─── Supplied material

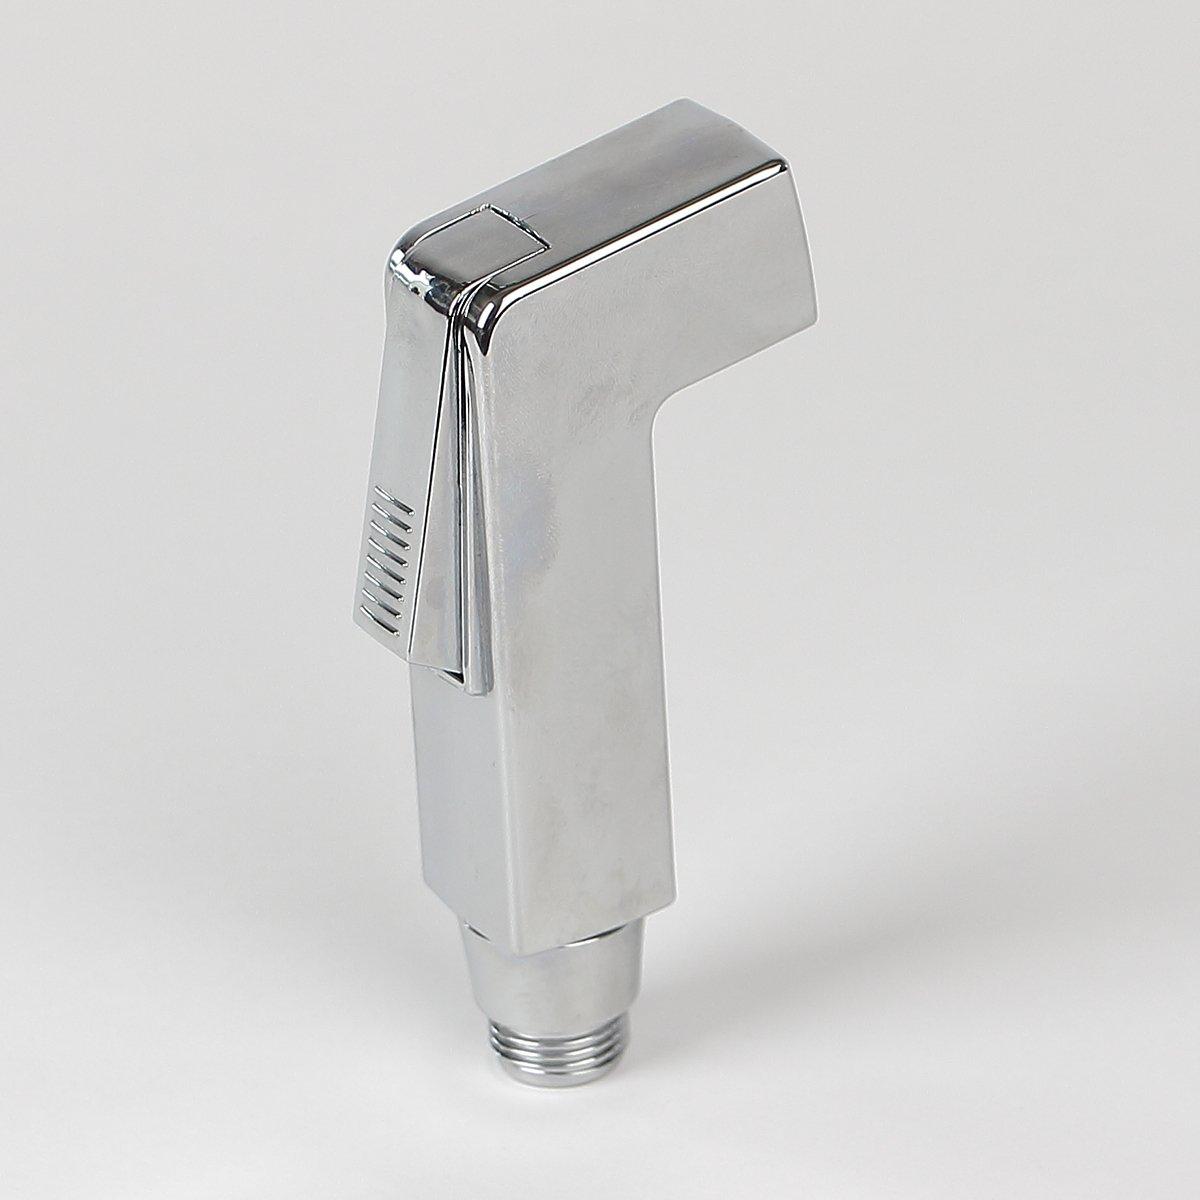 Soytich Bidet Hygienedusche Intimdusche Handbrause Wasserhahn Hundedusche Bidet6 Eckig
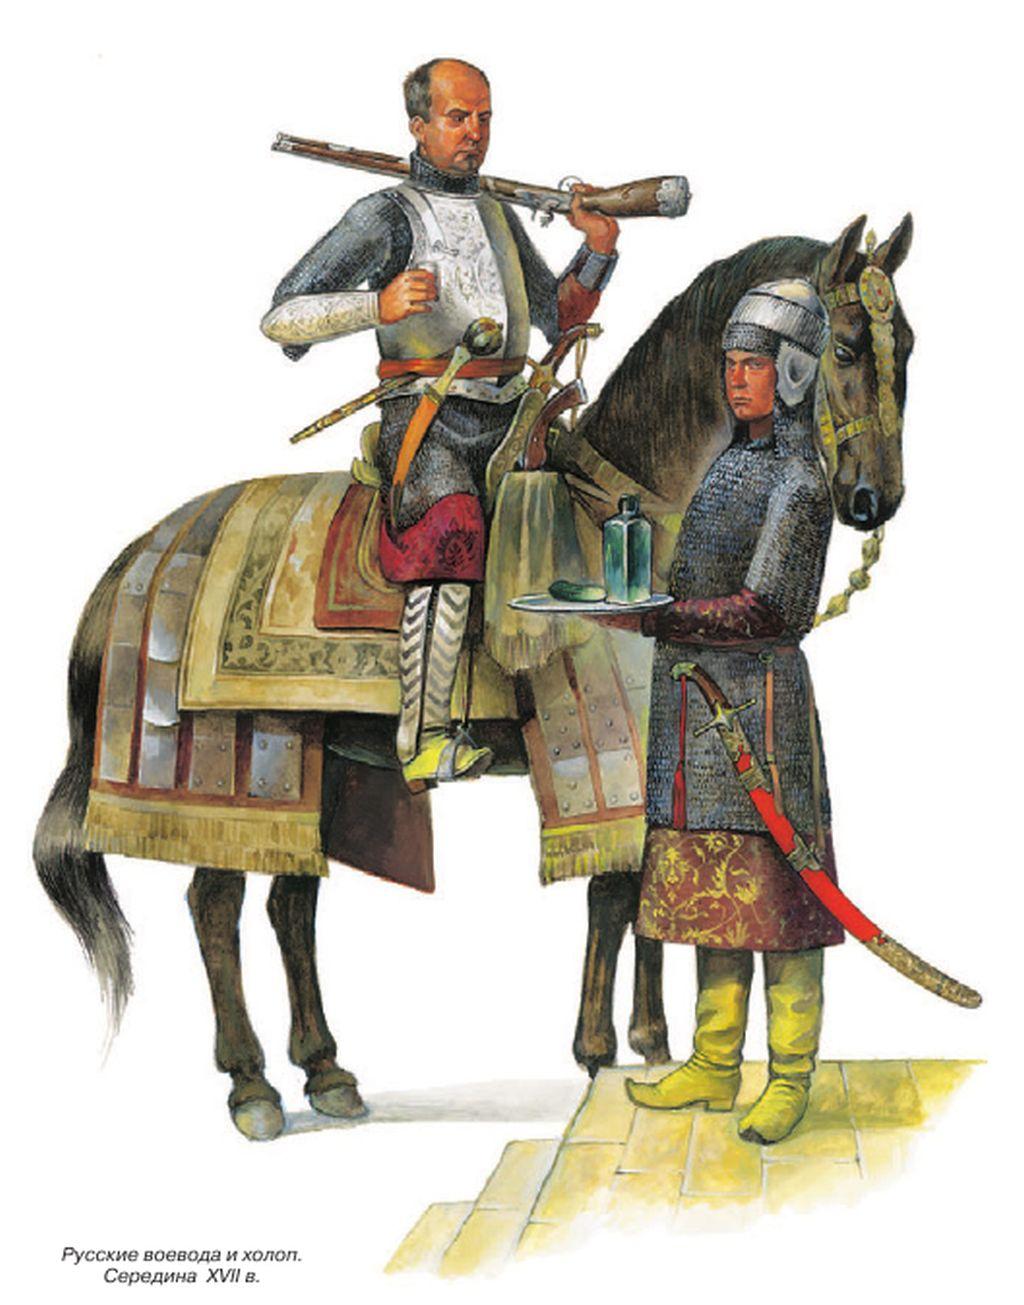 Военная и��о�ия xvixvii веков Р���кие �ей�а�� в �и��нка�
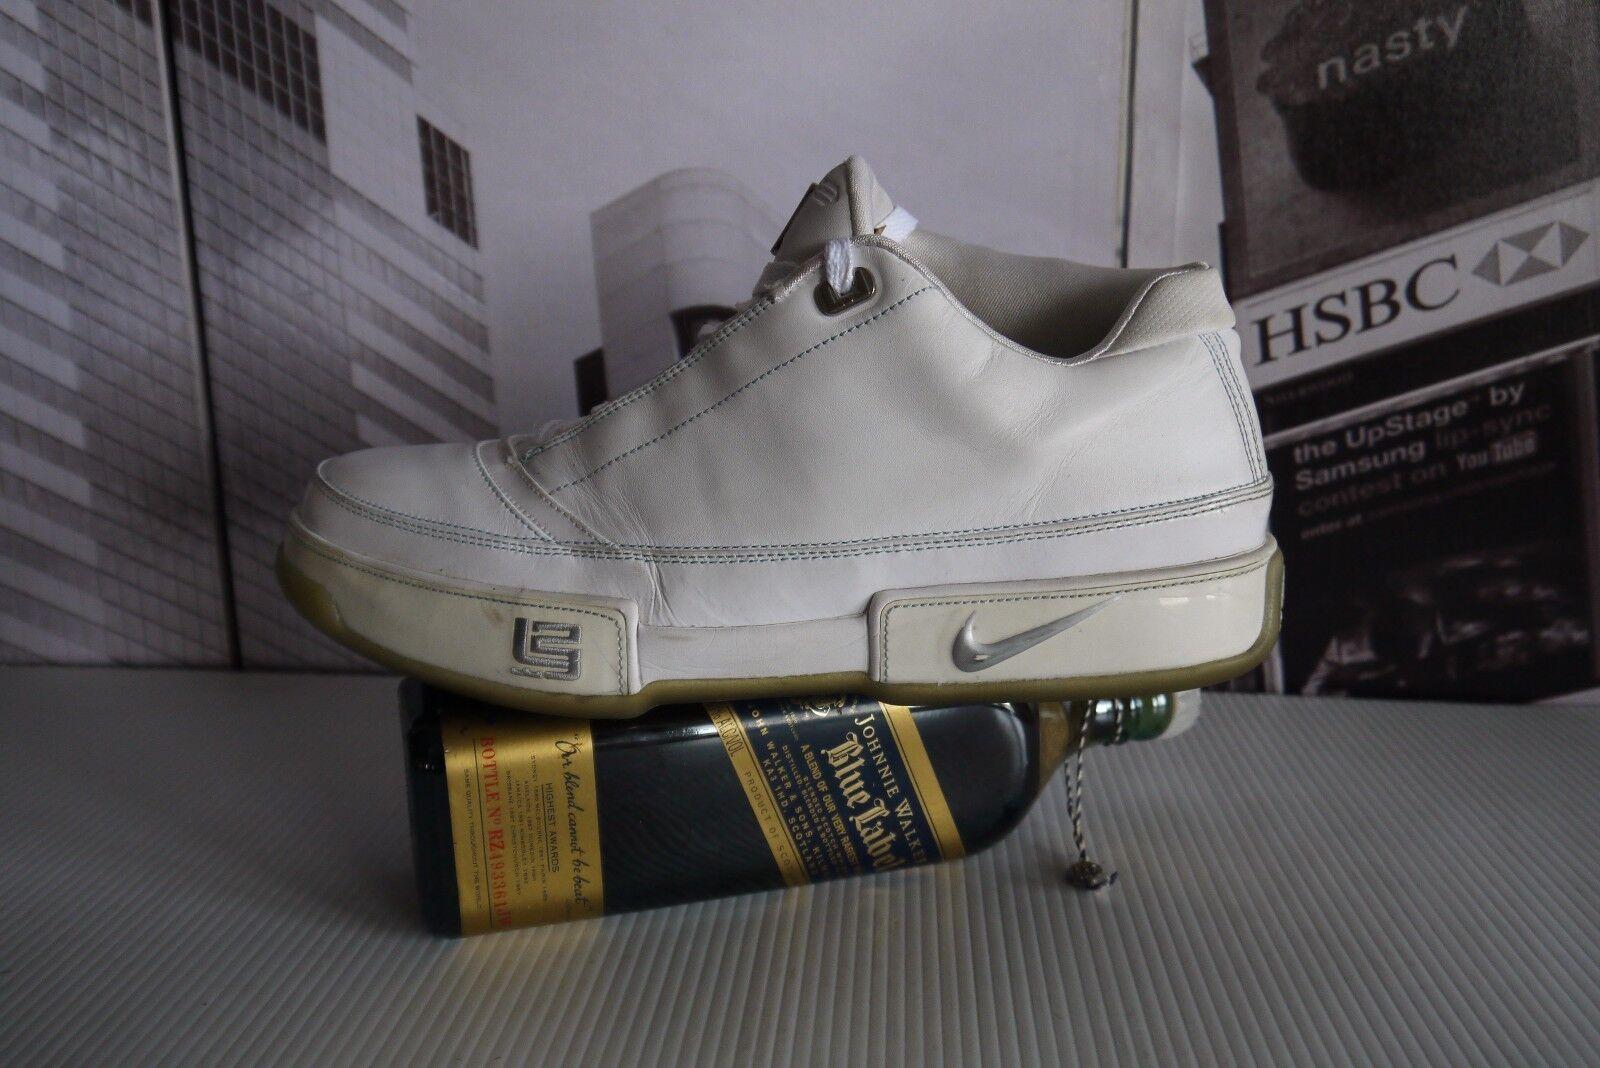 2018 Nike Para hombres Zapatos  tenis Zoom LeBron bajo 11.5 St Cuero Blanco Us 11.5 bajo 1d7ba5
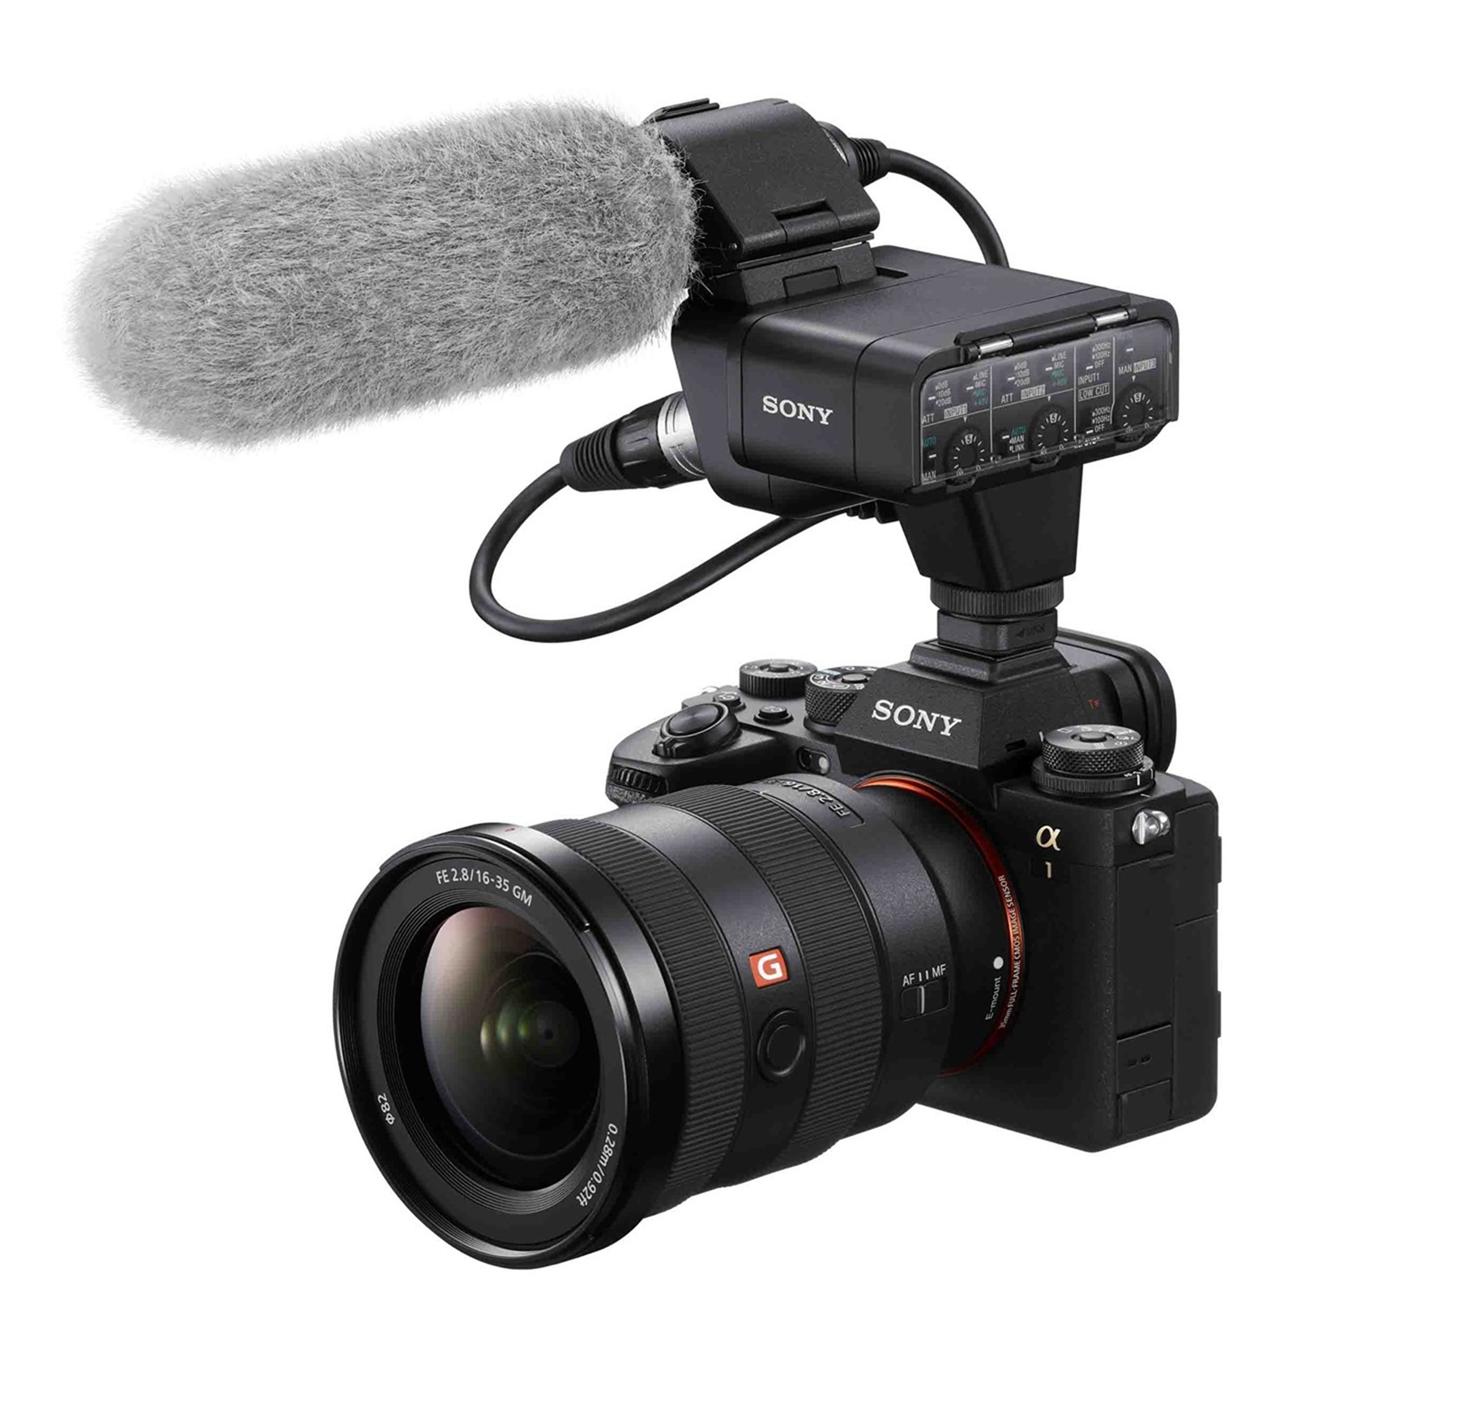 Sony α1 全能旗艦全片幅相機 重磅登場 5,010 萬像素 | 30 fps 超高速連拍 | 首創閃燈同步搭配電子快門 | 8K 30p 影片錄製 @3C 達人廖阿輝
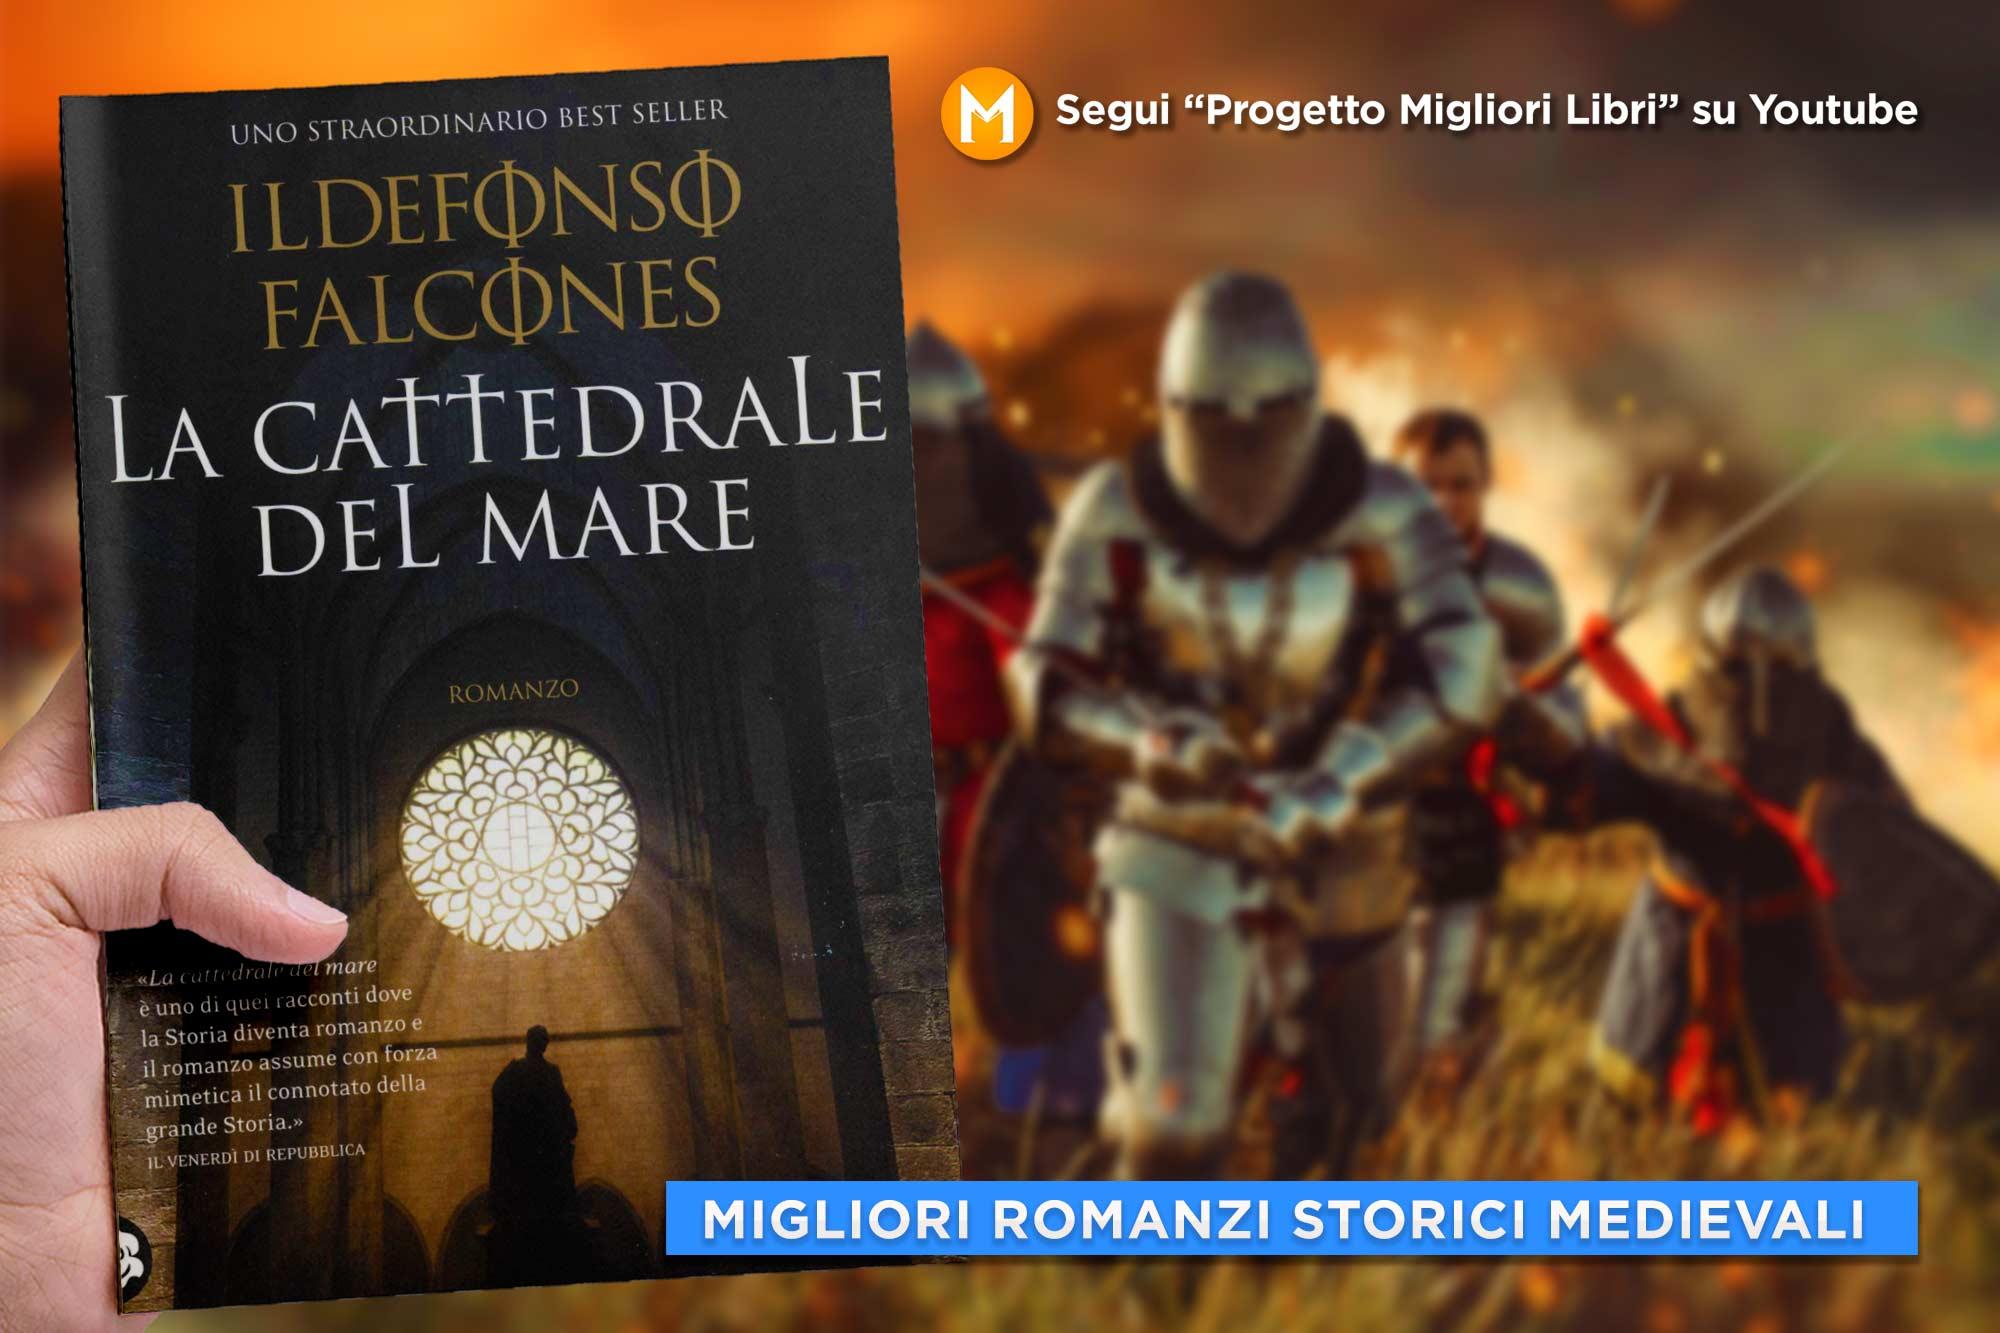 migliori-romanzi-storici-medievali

──────

Task »
Transcribe all data precisely. Pictures are not copied.

Result for this task »
 Soytich Bidet Hygienedusche Intimdusche Handbrause Wasserhahn Hundedusche Bidet6 Eckig
 Военная и��о�ия xvixvii веков Р���кие �ей�а�� в �и��нка�
 2018 Nike Para hombres Zapatos  tenis Zoom LeBron bajo 11.5 St Cuero Blanco Us 11.5 bajo 1d7ba5
 Sony α1 全能旗艦全片幅相機 重磅登場 5,010 萬像素 | 30 fps 超高速連拍 | 首創閃燈同步搭配電子快門 | 8K 30p 影片錄製 @3C 達人廖阿輝
 migliori-romanzi-storici-medievali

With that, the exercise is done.